The ability of urea to cause DNA damage was assessed in two DNA-unwinding/alkaline elution assays. Garberg et al (1987), report positive effects in mouse lymphoma cells at high concentrations of 628 and 718 mMol/L, however negative results are reported by Sina et al (1983) at concentrations of up to 3 mMol/L in cultured rat hepatocytes.

Genotoxicity in vivo

Chaurasia & Sinha (1987) investigated the potential of urea to cause chromosomal aberrations in the bone marrow of Swiss mice. Mice (number unspecified) were administered urea in the diet at a dose level of 500 mg/day for 5 days. Animals were sacrificed after a recovery period of 7 days and the bone marrow harvested. A total of 300 metaphases from treated animals and untreated controls were assessed for chromosomal aberration. A marked increase in the incidence of chromosomal aberrations was seen in the treated group (7x controls). However the dose level administered in this study is equivalent to 16 -17 g/kg bw/day and is thus far in excess of the limit dose of 1000 mg/kg bw. Signs of toxicity are not reported, but marked toxicity can be predicted at this dose level.
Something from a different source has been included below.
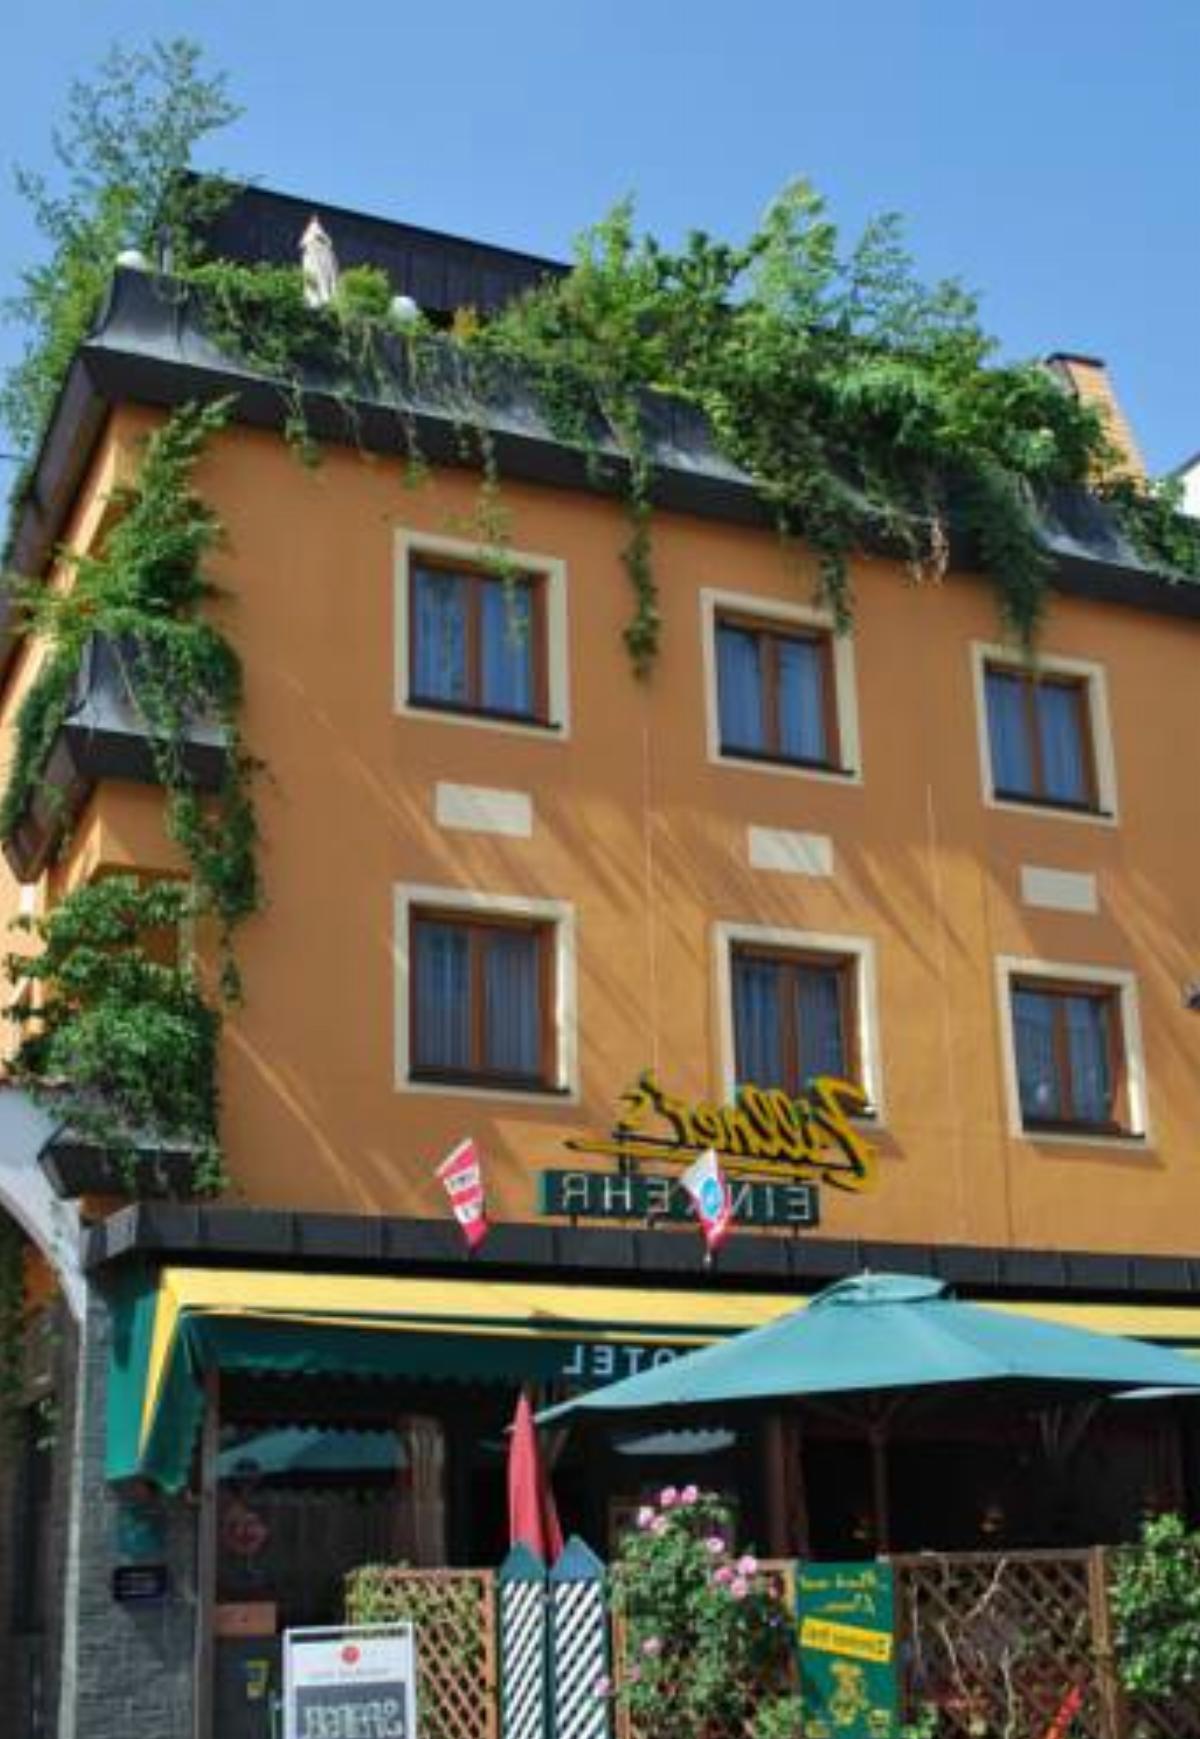 Hotel-Restaurant Zillners Einkehr Hotel Altheim Austria

Chaurasia (1991) and Chaurasia and Sinha (1987) conducted in vivo experiments in 7–10-week-old male Swiss albino mice fed with urea (500 mg/kg-day) for 5–7 days. Bone marrow samples were collected 7 days after the last treatment and a minimum of 100 metaphases were examined. Both studies showed that urea was capable of inducing chromosomal aberrations. Among several types of chromosomal aberrations found, chromatid breaks were the most frequent. The authors concluded that urea may be a potent clastogen. On the contrary, ureaexposure of 3–4-month-old male Swiss albino mice to 0.1825–0.7300 mg/day via food for up to 28 days did not show an increase in bone marrow chromosomal aberrations (Kommadath et al., 2001). The lack of consistency between the two groups of studies is likely due to the difference in the dose. Additionally, urea did not induce sperm head abnormalities in five male (CBA BALB/c) F1 mice that were assayed 5 weeks after receiving five daily i.p. injections of urea (up to 2,000 mg/kg-day) (Topham, 1980).

Conclusion

Positive results obtained in vitro are associated with concentrations well in excess of the recommended limit concentrations are not considered to be of biological relevance. A positive result in vivo is also associated with an excessive dose level. Considering the physiological role and presence of substantial quantities of urea in the human body, it is not considered likely that this substance is genotoxic. Further testing for genotoxicity is not proposed.

Justification for classification or non-classification

No classification is proposed for genotoxicity. Urea is produced by the body in large quantities as a normal product of metabolism and is present in the bloodstream at high concentrations. Urea is therefore considered extremely unlikely to be genotoxic.